Here is an actual example of how the impersonator payment business model works. This woman calls herself the Naked Cowgirl, although, thank goodness, she is not totally naked, nor is she a cowgirl. I've known cowgirls, and she is not one of them. I'll bet she's never sat on a horse and chased after a cow, nor competed in a barrel race in the rodeo or rode a bull.

Those are the kind of things cowgirls do.

So she is an impersonator, too.

Still, she is close enough to naked that I did what David always does on Burn when one of the essays that he runs includes a picture of someone who is even close to naked - he puts in the "explicit content" warning. He says he does it to protect himself. There is nothing pictured here that will not be seen by every innocent eye that walks through Times Square when this lady is out on the street, hard at work. Still, David has posted the warning for less than this, , so I figure I had better, too 

Anyway, here is the Naked Cowgirl, collecting money from some men whose eyes she caught. They have now paid for the privilege of posing for pictures with her.

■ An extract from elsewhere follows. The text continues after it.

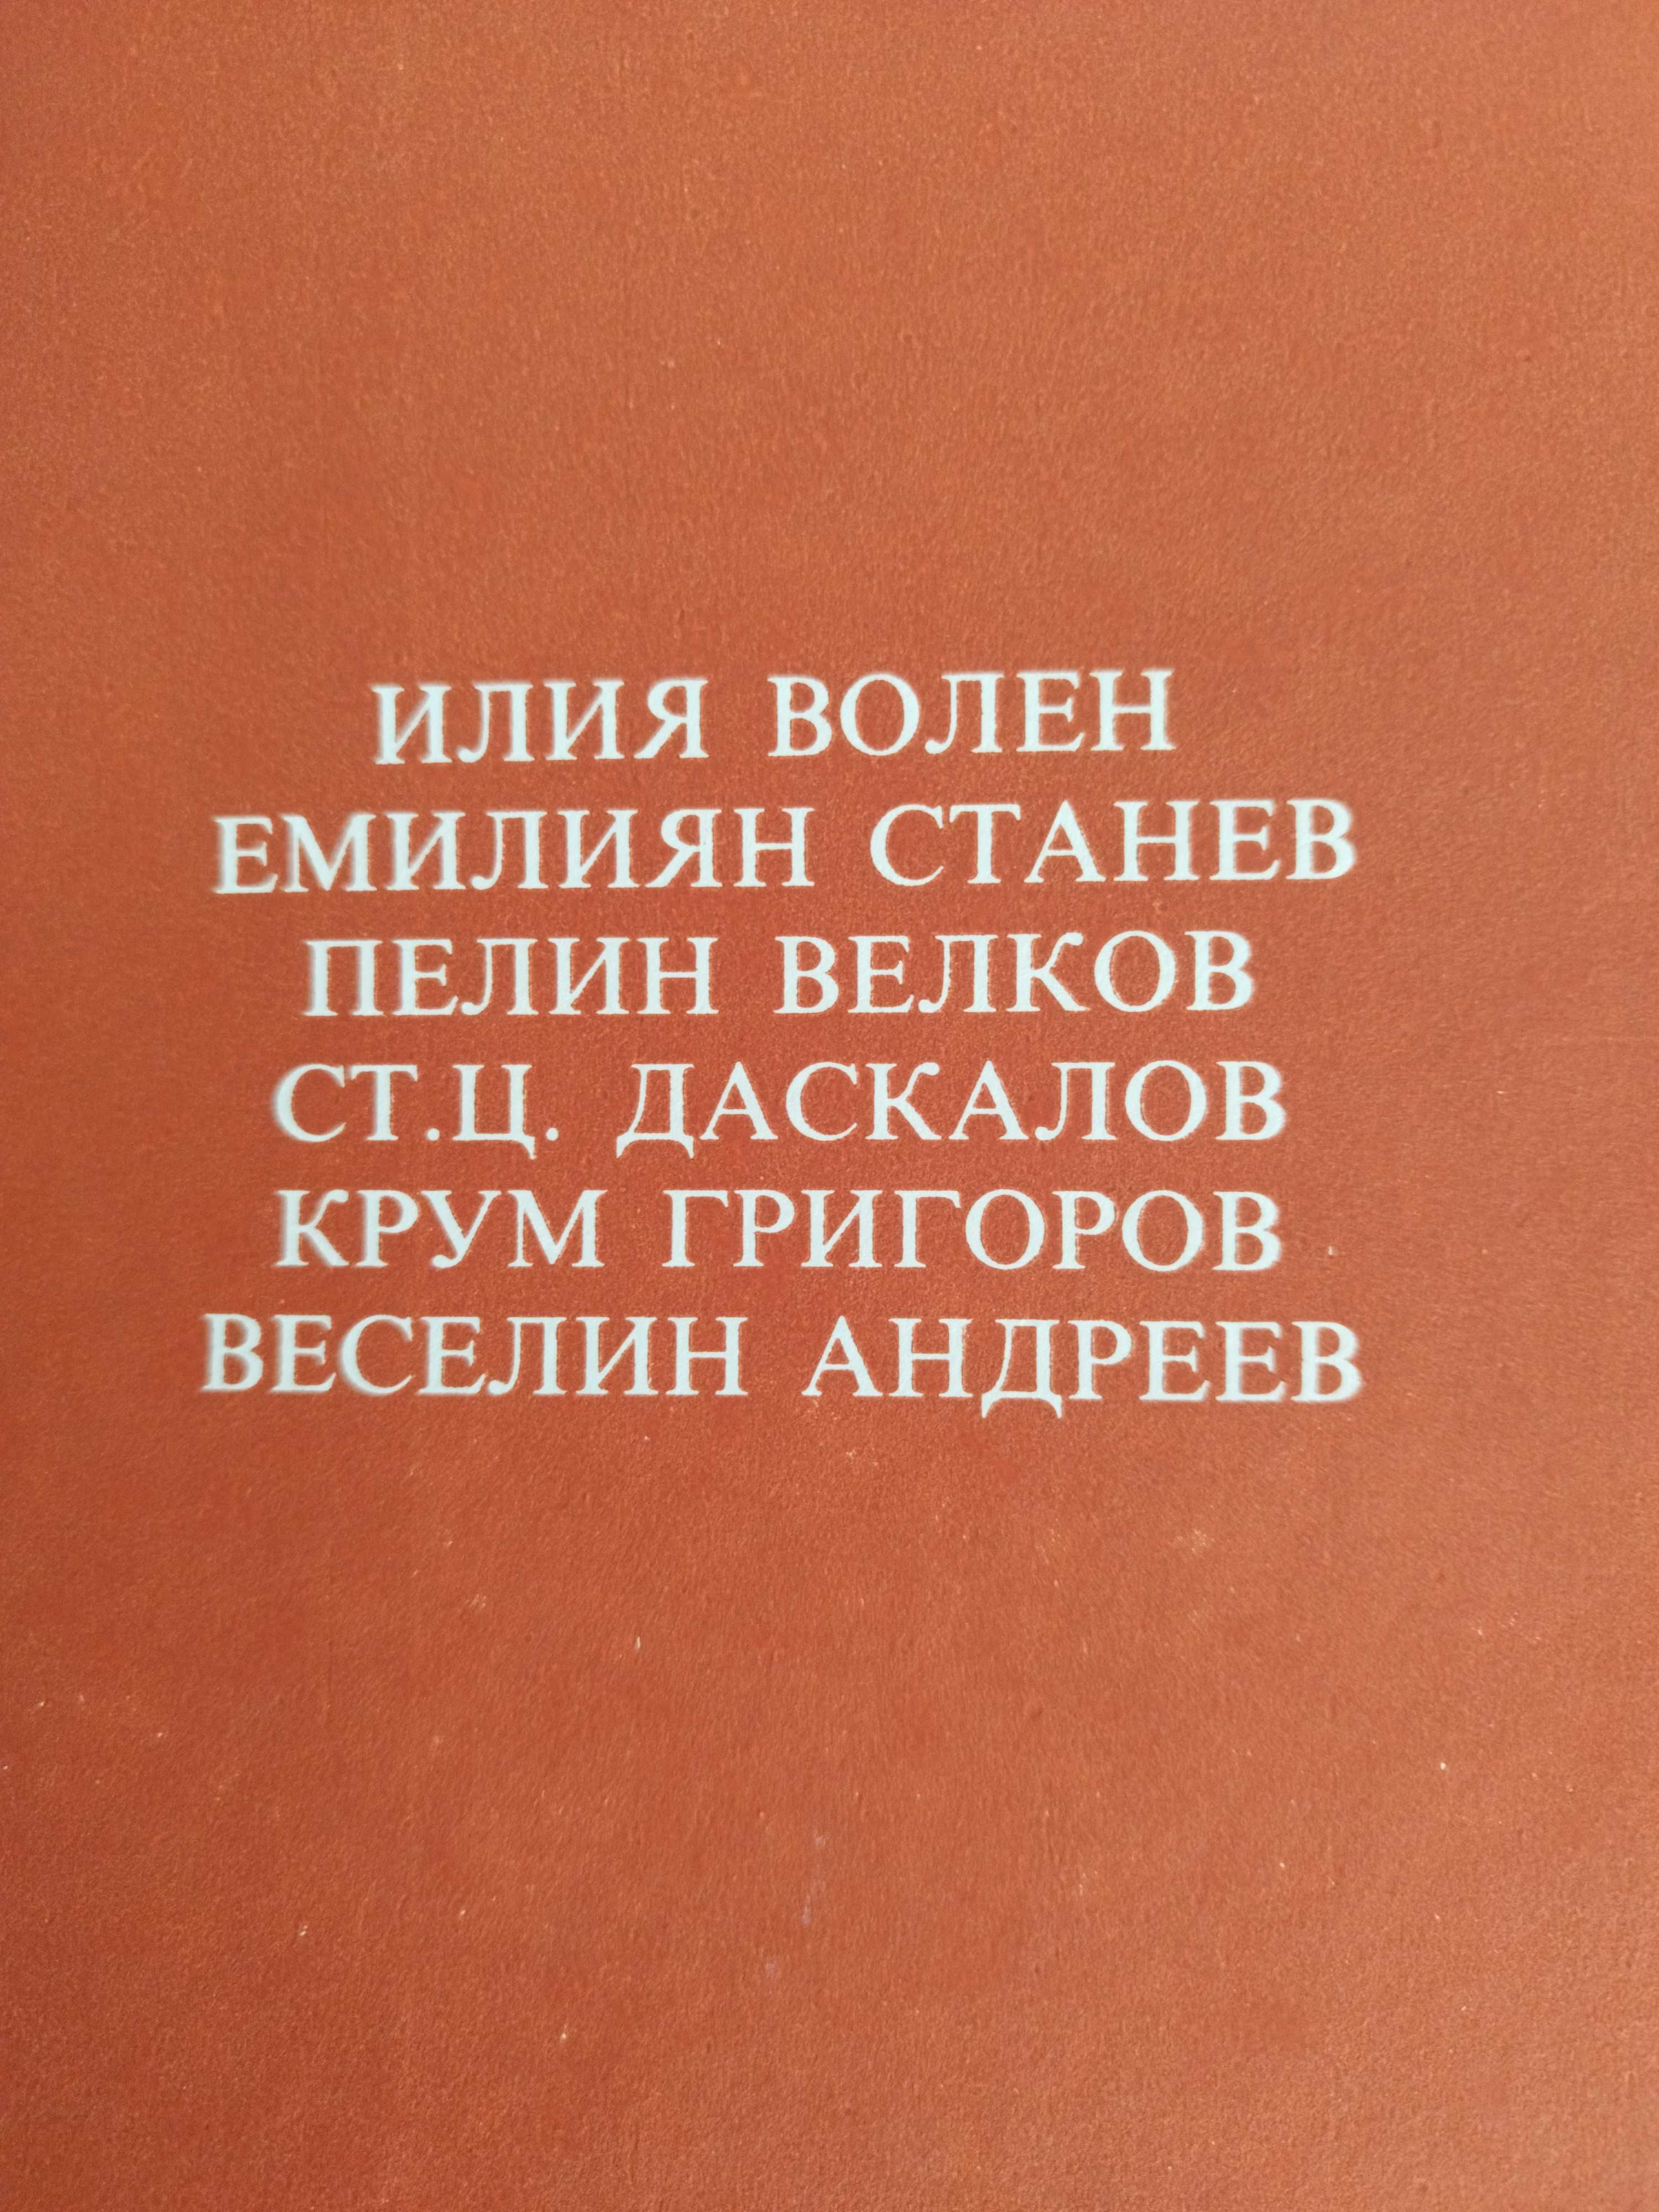 Български разкази за животни, 10 лв.400 стр.

The lady in green does not appear to be impressed.

She poses, as the men photograph their friend with her. Afterward, I went in to the bank in the background to get some money so that I could buy a pretzel. There were some ladies in there who were also getting cash from the ATM. They were talking about the Naked Cowgirl. They were totally grossed out and disgusted.

The more famous Naked Cowboy was no nowhere to be seen. From what I googled, he sued the Naked Cowgirl for infringing upon his trademark. That was two or three years ago. He must not have won. Or maybe they reached a settlement. I suppose with a little more Google research, I could find out.

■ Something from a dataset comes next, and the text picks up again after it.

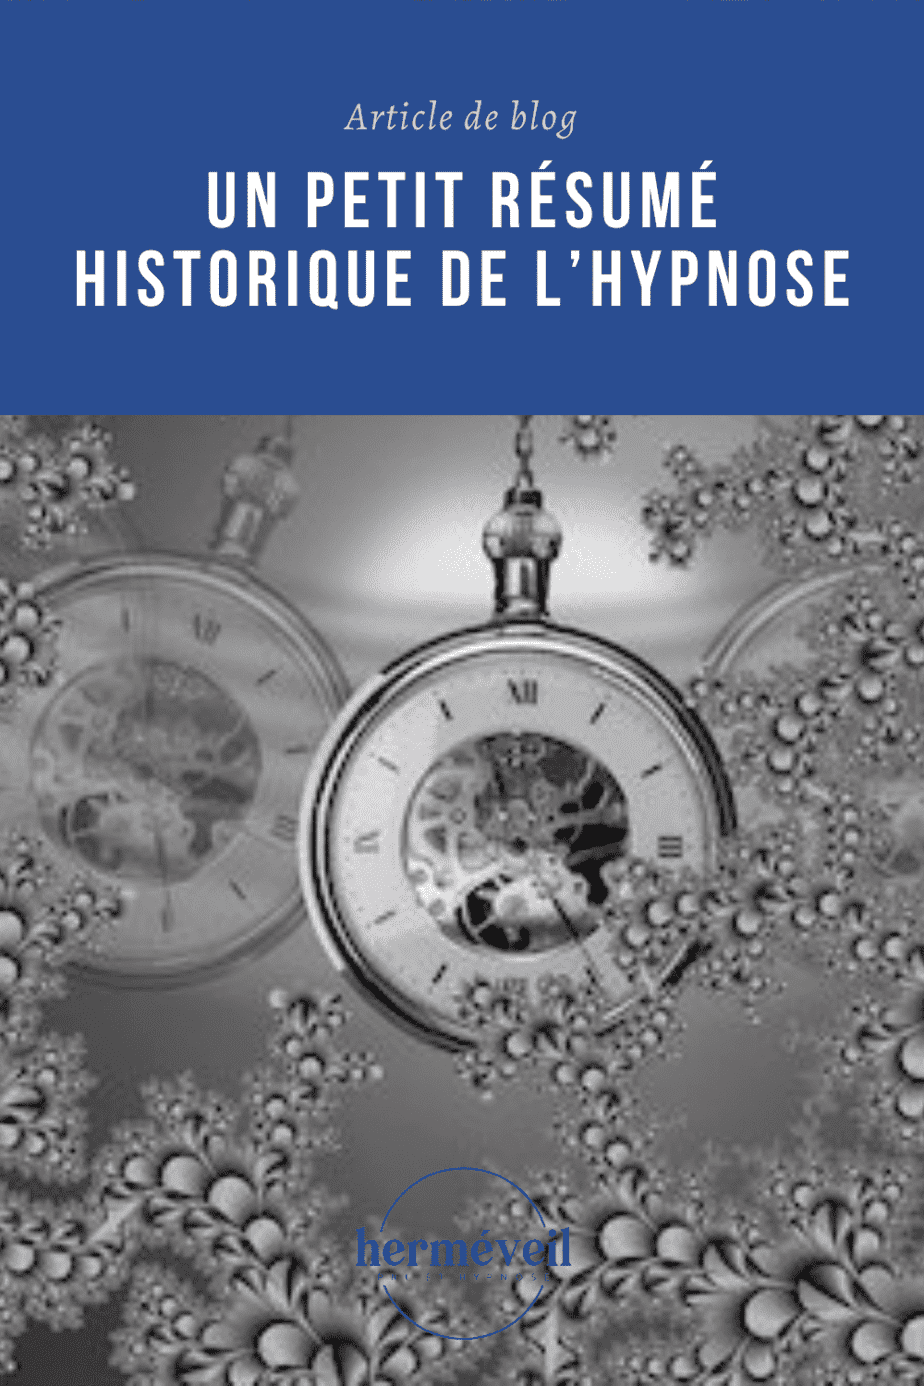 Présentation pour Pinterest de l'histoire de l'hypnose.

Maybe one of you readers who have more time than I do will research the answer for me.

The shoot is over. She knows I have taken pictures that include her, but she does not ask for payment. She is okay with it. She knows she is a public spectacle and people are going to photograph her. Through their photographs, her fame will grow. For reasons that I cannot understand, even more men - and some women, too, I am certain - will want to come and pay her for the honor of posing with her.

So there you go: Times Square, New York City, New York, USA, Planet Earth.

 

 

 

 

 

 

 

I found this lady posing with an impersonator of a man who has been one of my favorite actors since I saw the film, Pulp Fiction. This impersonator does not ask for money from anyone.

This impersonator simply doesn't care, or have any feelings or thoughts about it one way or another.

It is now late Friday night, January 20, and I have begun to tell the story of the things I saw as I roamed about Times Square, hoping to pull myself off Humiliation Road and come up with a presentable essay for the Loft Workshop show.

I will finish my Times Square adventure tomorrow, Saturday, January 21, in a series of action entries that I will begin to post shortly after I get up - which might not be all that early, and will continue until I go to bed tomorrow night.

On Sunday, I will move to the final day of the workshop and the evening presentation and will show the slideshow titled, At Home With David Alan Harvey. This includes the essays shot by all the Loft Workshop students. Again, I will save the images from my own slide show until then. None of them will appear in this blog until then. What you see here and will see in the posts tomorrow are and will be outtakes, 

After that I will do a followup and that will be it. This series will be done.